16.4 Class Action Waiver

YOU AND THE COMPANY AGREE THAT EACH PARTY MAY BRING CLAIMS AGAINST THE OTHER ONLY IN YOUR OR ITS INDIVIDUAL CAPACITY AND NOT AS A PLAINTIFF OR CLASS MEMBER IN ANY PURPORTED CLASS, CONSOLIDATED, OR REPRESENTATIVE PROCEEDING. THE ARBITRATOR MAY NOT CONSOLIDATE MORE THAN ONE PERSON’S CLAIMS AND MAY NOT OTHERWISE PRESIDE OVER ANY FORM OF A CLASS, CONSOLIDATED, OR REPRESENTATIVE PROCEEDING.

16.5 Exceptions to Arbitration

Notwithstanding the foregoing, either party may seek injunctive or other equitable relief in a court of competent jurisdiction to prevent the actual or threatened infringement, misappropriation, or violation of a party’s intellectual property rights or confidential information.
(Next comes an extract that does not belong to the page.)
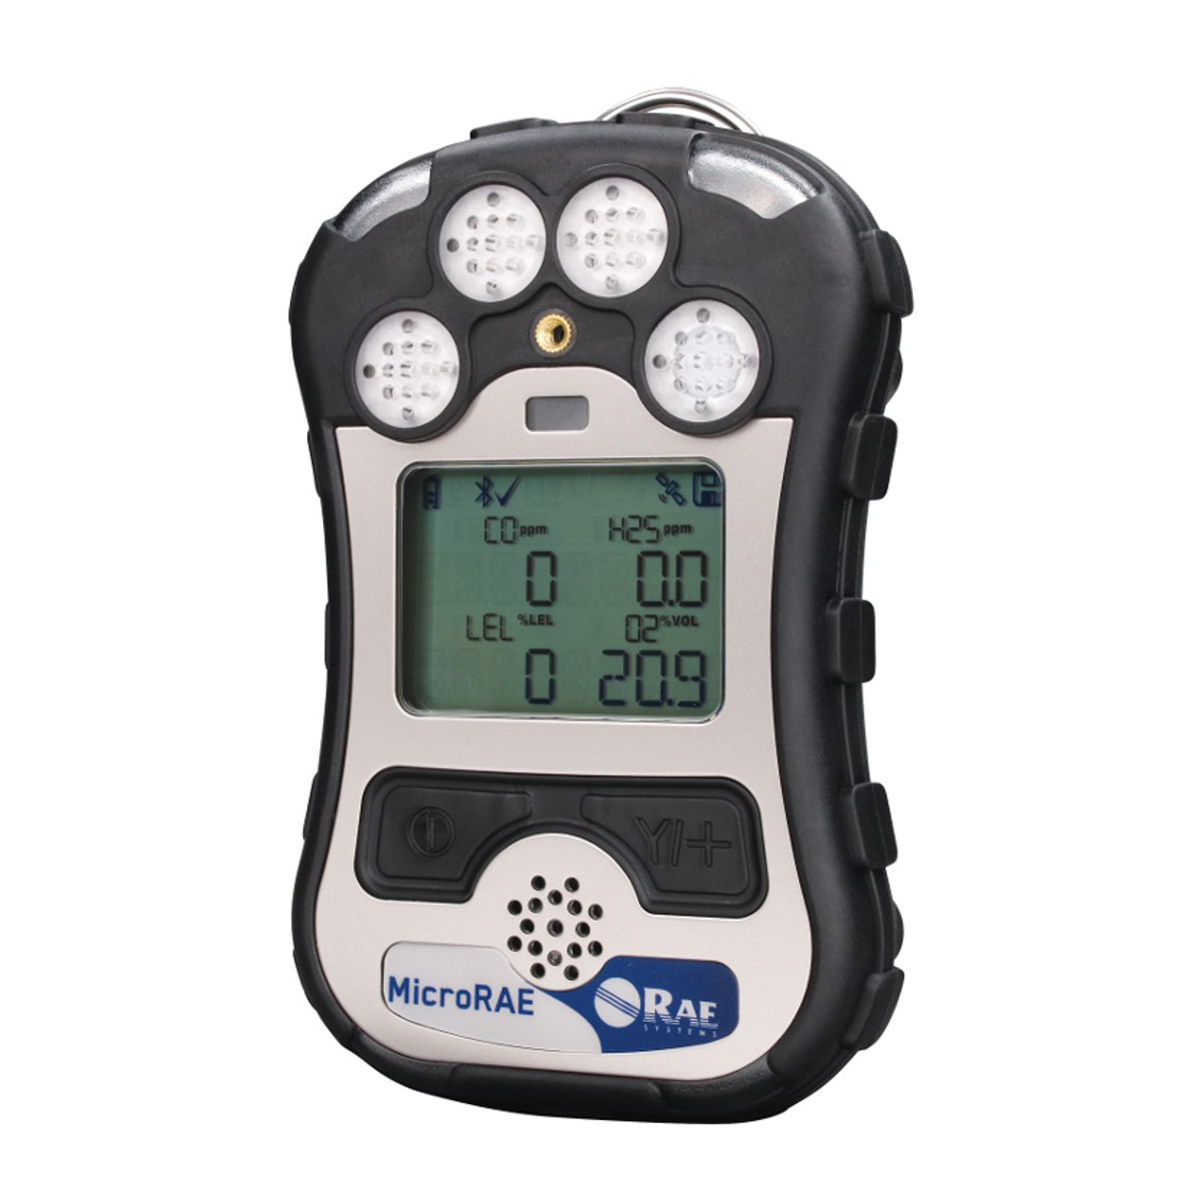 RAE® Systems MicroRAE™ Portable Combustible Gas, Carbon Monoxide, Hydrogen Sulfide And Oxygen Monitor

Additionally, claims within the jurisdiction of a small claims court in the State of Washington may be brought in such court.

16.6 Opt-Out

You may opt out of this arbitration provision by sending written notice to the Company at the email address provided in Section 21 within thirty (30) days of first accepting this Agreement. The opt-out notice must include your full name, email address associated with your account, and a clear statement that you wish to opt out of the arbitration provision. If you opt out, the dispute resolution provisions of Section 17 (Governing Law and Jurisdiction) shall apply.

17. GOVERNING LAW AND JURISDICTION

This Agreement is governed by and construed in accordance with the laws of the State of Washington, without regard to its conflict-of-laws principles. To the extent that any claim or dispute is not subject to arbitration under Section 16 (including claims by Users who have opted out of arbitration), the parties consent to the exclusive jurisdiction and venue of the state and federal courts located in Benton County, Washington, and each party waives any objection to such jurisdiction and venue on the grounds of inconvenient forum or otherwise.

18. FORCE MAJEURE

The Company shall not be liable for any failure or delay in performance of its obligations under this Agreement to the extent that such failure or delay results from circumstances beyond the Company’s reasonable control, including but not limited to acts of God, natural disasters, pandemics, war, terrorism, riots, embargoes, acts of governmental authorities, power failures, internet or telecommunications failures, failures of Third-Party Applications, or cyberattacks.

19. SEVERABILITY

If any provision of this Agreement is held to be invalid, illegal, or unenforceable by a court or arbitrator of competent jurisdiction, such provision shall be modified to the minimum extent necessary to make it valid, legal, and enforceable while preserving the original intent of the parties. If such modification is not possible, the provision shall be severed from this Agreement, and the remaining provisions shall continue in full force and effect.

20. WAIVER

The failure of the Company to enforce any right or provision of this Agreement shall not constitute a waiver of such right or provision. Any waiver of any provision of this Agreement shall be effective only if in writing and signed by the Company.

21. CONTACT INFORMATION

For questions, notices, or requests regarding this Agreement, please contact:

Inertia Solutions, LLC

Email: legal@inertiasolutions.io

Website: https://inertiasolutions.io

22. ENTIRE AGREEMENT

This Agreement, together with the Privacy Policy, SMS Terms and Conditions (available at https://inertiasolutions.io/sms-terms-and-conditions), and any other policies or documents expressly incorporated by reference, constitutes the entire agreement between you and the Company with respect to the subject matter hereof and supersedes all prior or contemporaneous communications, agreements, and understandings, whether written or oral, with respect to such subject matter.